The most extensively characterized chimeric RNAs are found in cancer, where many fusion transcripts, generated from DNA arrangements, are well‐known causes of cancer (Elfman et al., 2020; Hanahan and Weinberg, 2011; Jia et al., 2016; Mertens et al., 2015). Some of them have already been widely used in clinical practice as biomarkers or therapeutic targets (Ommer et al., 2020; Shaw et al., 2011). Additionally, numerous chimeric RNAs have also been identified in normal human tissues (Babiceanu et al., 2016; Christie et al., 2019; Singh et al., 2020).
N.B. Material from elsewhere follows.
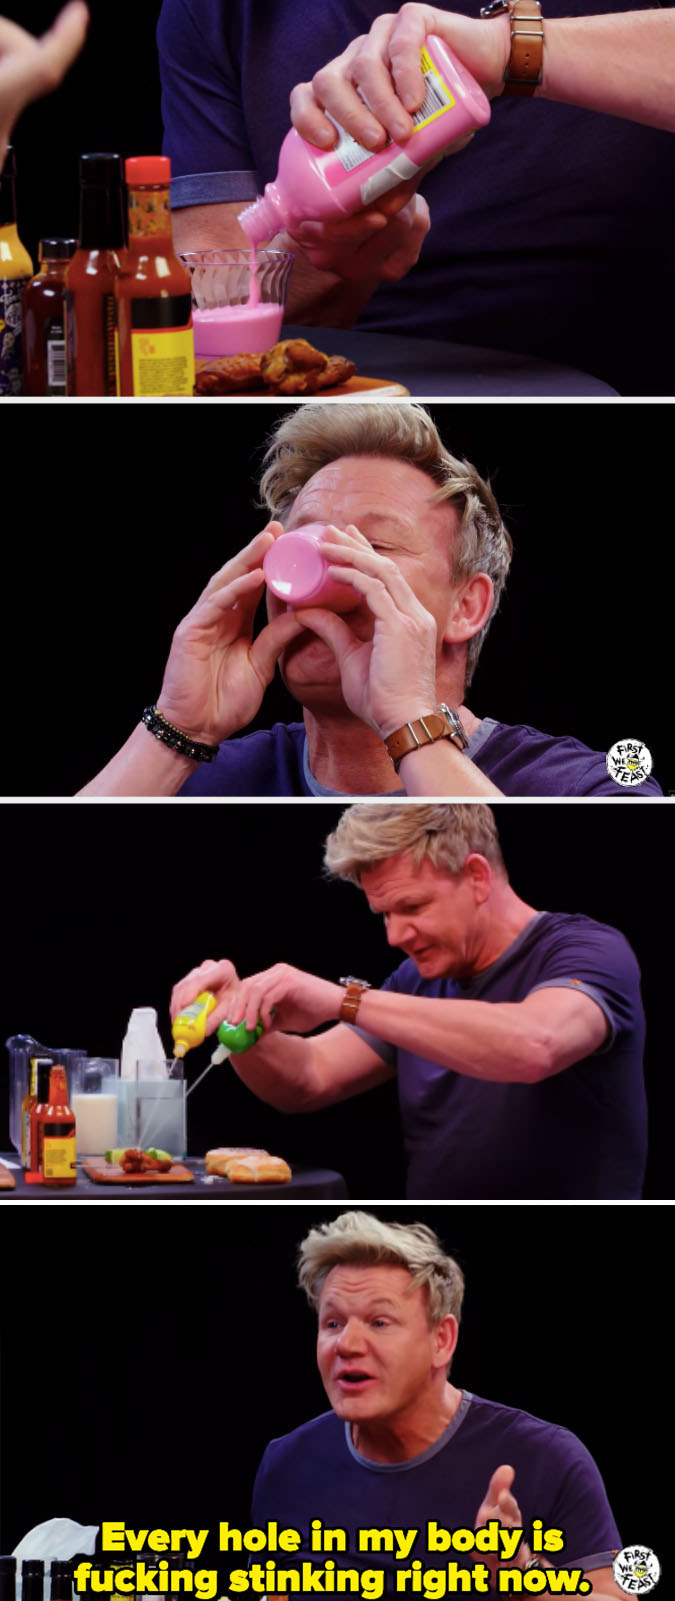 Gordon Ramsay chugging Pepto Bismol and pouring lemon and lime juice over wings to make it through the interview

Interestingly, the JAZF1‐JJAZ1 fusion generated from gene rearrangement in endometrial cancer cells can also be produced through trans‐splicing in normal endometrial stroma cells without DNA rearrangement (Li et al., 2008). Similar phenomenon was observed in SLC45A3‐ELK4 in normal and neoplastic prostate cells (Rickman et al., 2009). These findings suggest that splicing‐mediated chimeric RNAs may serve as a precondition for genetic changes at the DNA level, indicating the evolutionary significance of chimeric RNAs.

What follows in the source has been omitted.